Background: Oseltamivir Phosphate (OP) is an ethyl ester prodrug prescribed for the treatment
of influenza virus infection. Current marketed formulations of OP have been observed to be supplemented
with an adverse effect during post-marketing surveillance. These prerequisites are sufficed
by developing a sustained release Dry Powder for Inhalation (DPI).
Objective: The objective of the present study was to develop OP-DPI by an innovative formulation
approach comprising of Immediate (IR) and Sustained (SR) Release portions.
Methods: DPI formulation comprising IR and SR portions were prepared by spray drying technique
using Hydroxy Propyl Methyl Cellulose (HPMC) as the rate-controlling polymer for SR portion. The
spray-dried product was further characterized for various pharmaco-technical, in-vitro and in-vivo parameters.

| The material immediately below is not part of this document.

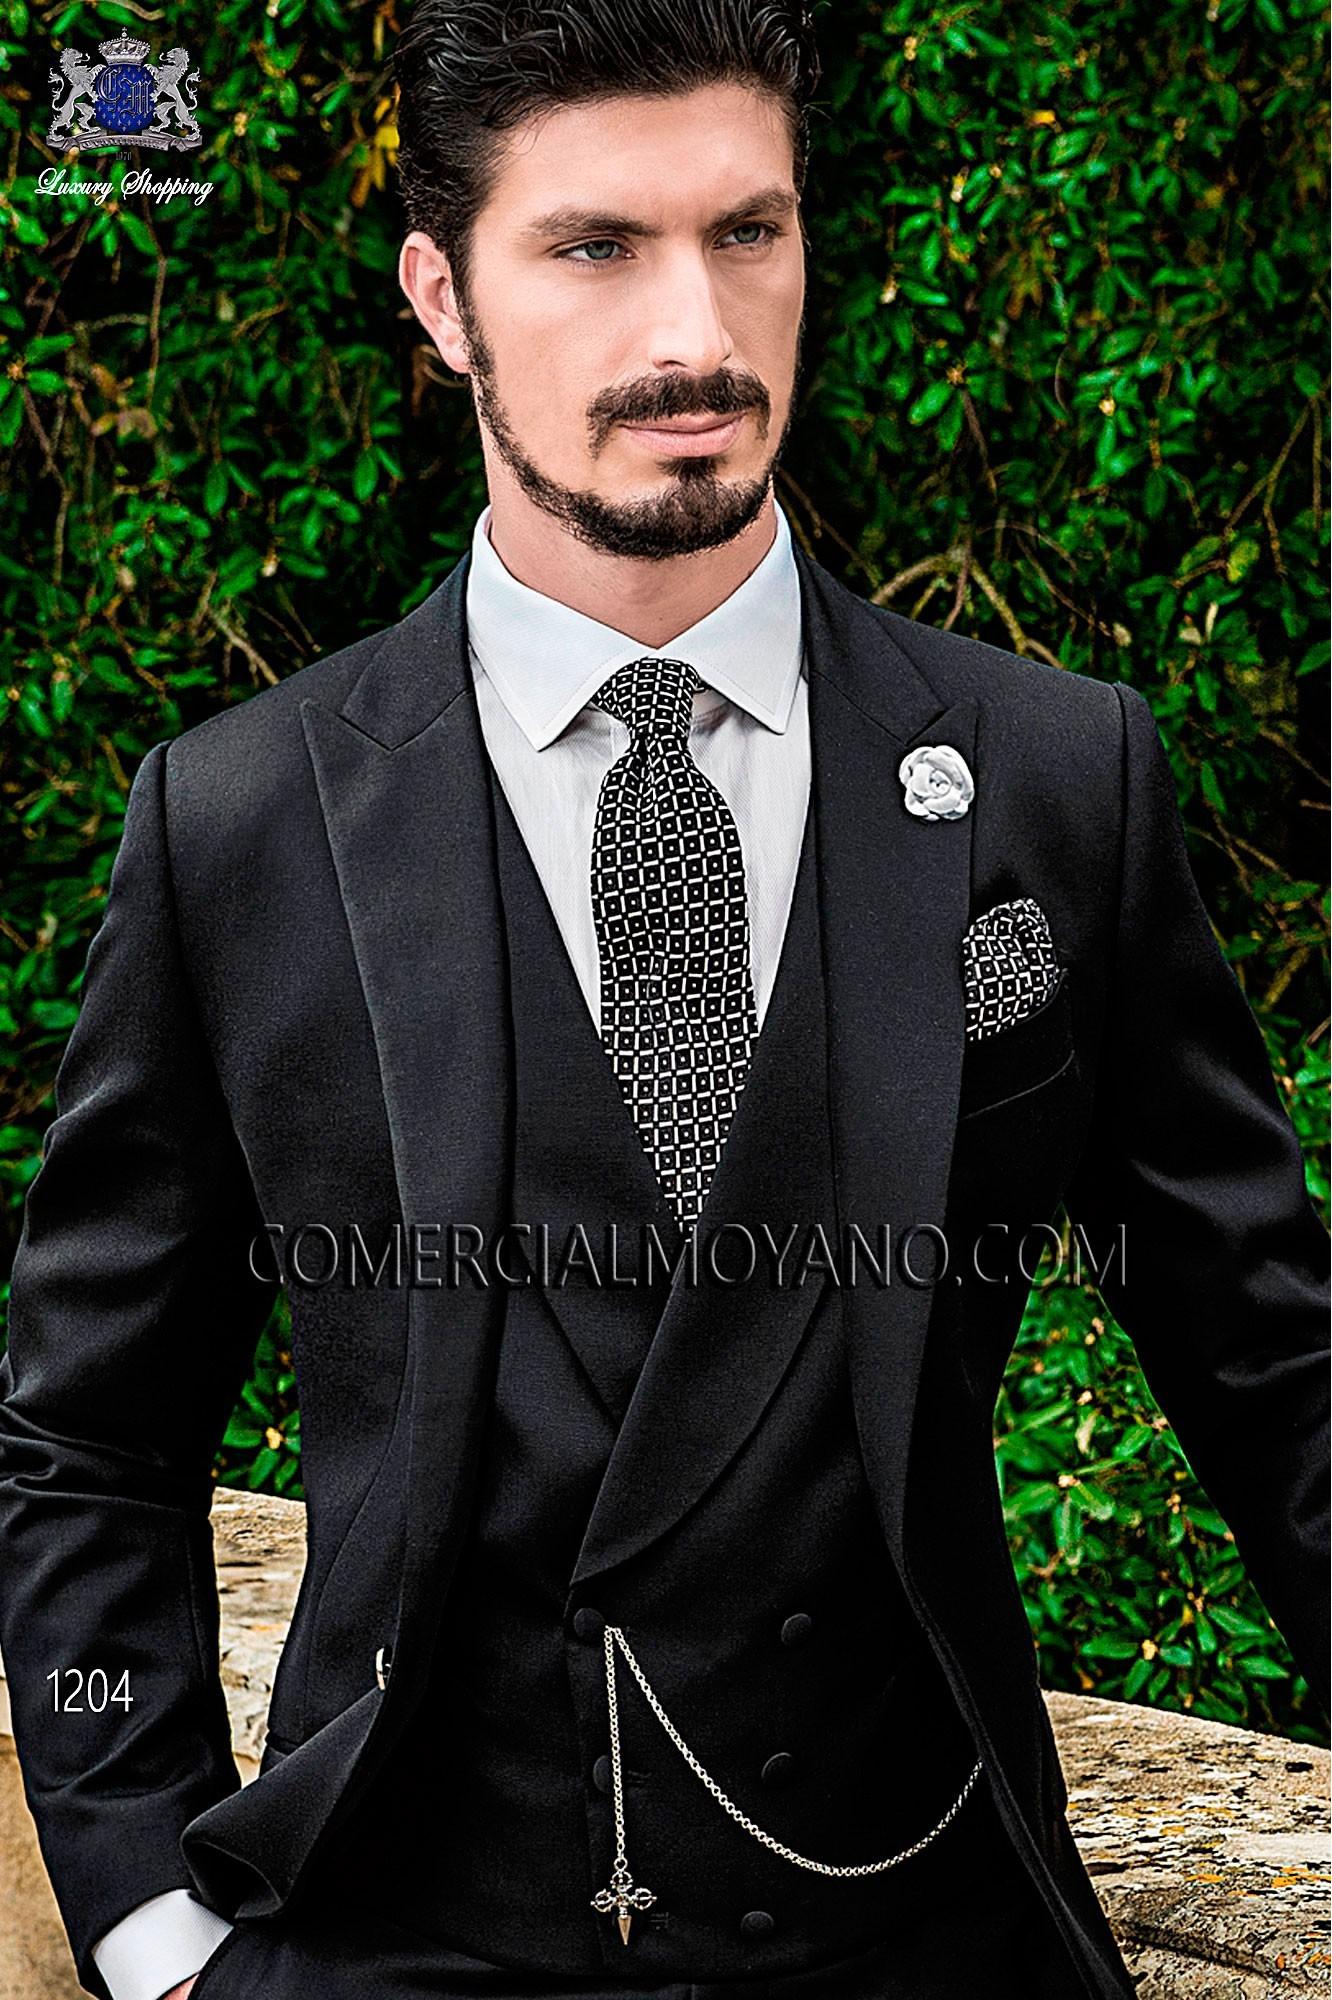 Traje Gentleman de novio negro modelo: 1204 Ottavio Nuccio Gala colección Gentleman

Results: OP-DPI showed a burst release of 49% within 15 min further sustaining the drug release up to
9 hrs. The in-vitro aerodynamic performance of OP-DPI showed maximum deposition at stage 3 and
Fine Particle Dose (FPD) of 1.08 mg indicating deposition in the upper respiratory tract. Solid-state
characterization by DSC and XRD indicated the partial amorphization of OP due to spray drying. In-vivo
toxicological examination revealed no sign of inflammation, indicating the safety of the developed
formulation. Accelerated stability study as per ICH guidelines displayed no significant change in the
solid-state characterization and drug-related performance of OP-DPI.
Conclusion: Prepared novel and scalable OP-DPI may have the potential to overcome the problems
associated with existing marketed dosage forms of OP. Further, localized drug delivery of the antiviral
drug through the pulmonary route might be clinically beneficial in controlling the viral proliferation.